The Arts : Treasures from the Jewish Attic
Keep track of those old photos, Manischewitz matza tins and sisterhood cookbooks. They
may have a place in a museum, as part of the growing field of Jewish Americana.
It all started with a few turn-of-the-century rabbi postcards.
But Peter H. Schweitzer soon discovered that the world of Jewish postcards was so immense—one could own, say, not merely a card showing a synagogue but cards showing that synagogue in all seasons, weather, times of day or stages of construction—that he decided to collect only American ones. Which led eventually, and perhaps inevitably, to his owning over 10,000 specimens of what is known in the field as Jewish Americana, or as American Judaica—from seltzer bottles to Yiddish typewriters to electric advertising clocks.
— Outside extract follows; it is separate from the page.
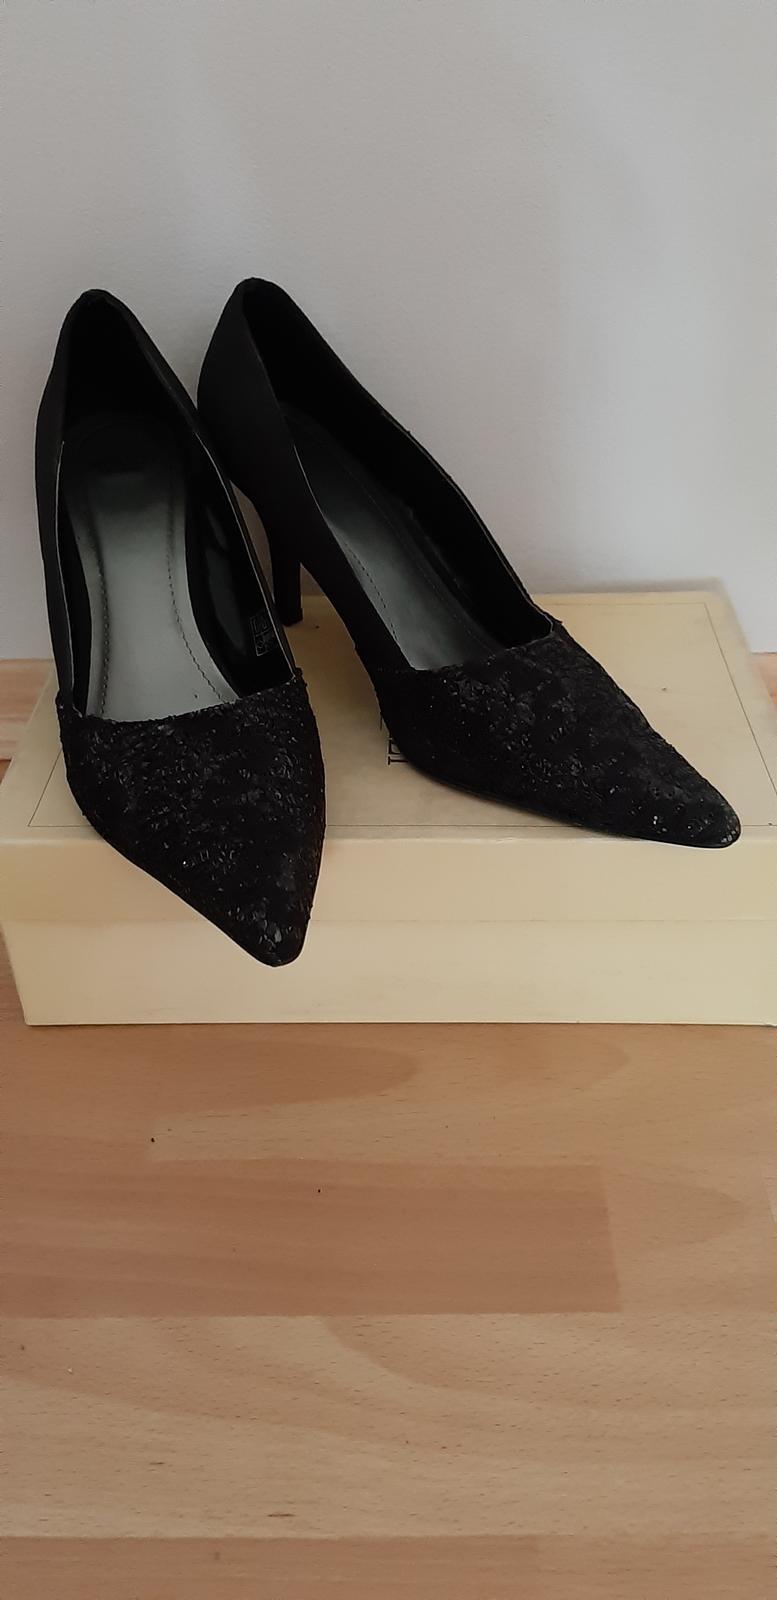 Spoločenské topánky zn. Minozzi  - Obrázok č. 1

He had 15 clocks, 11 of them promoting kosher hot dogs.
In 25 years of collecting, Schweitzer, rabbi of the City Congregation for Humanistic Judaism in New York, amassed the largest private collection of 20th-century Jewish Americana on record. In 2005, he donated almost all of it to the National Museum of American Jewish History in Philadelphia (215-923-3811; www.nmajh.org). In November 2010, when the NMAJH moves to its spectacular five-story glass, steel and terra cotta new home on Independence Mall across from the Liberty Bell and complete with its own subway station, you will be able to see Schweitzer’s extraordinary hodgepodge of everyday objects, bringing to life the last century or so of American Jewish history. Of course, the rest of that 355-year history will unfold before your eyes, too, across 22,000 square feet of exhibition space.
The NMAJH’s home in progress (watch it go up in 15-minute increments on the museum’s Web site) is proof positive that Jewish Americana has finally come of age. It arguably began coming of age when the American Jewish Historical Society (212-294-6160; www.ajhs.org), whose holdings now include 20 million documents and 50,000 books, paintings and objects, set up shop in New York in 1892. But “the academic discipline had its origins in the post-World War II era,” according to Josh Perelman, deputy director for programming and museum historian at the NMAJH. That was when Jacob Rader Marcus, who could be said to have invented the discipline, founded the American Jewish Archives (513-221-1875;www.americanjewisharchives.org), whose holdings amount to some 15,000 linear feet of temperature- and humidity-controlled space on the Cincinnati campus of Hebrew Union College–Jewish Institute of Religion.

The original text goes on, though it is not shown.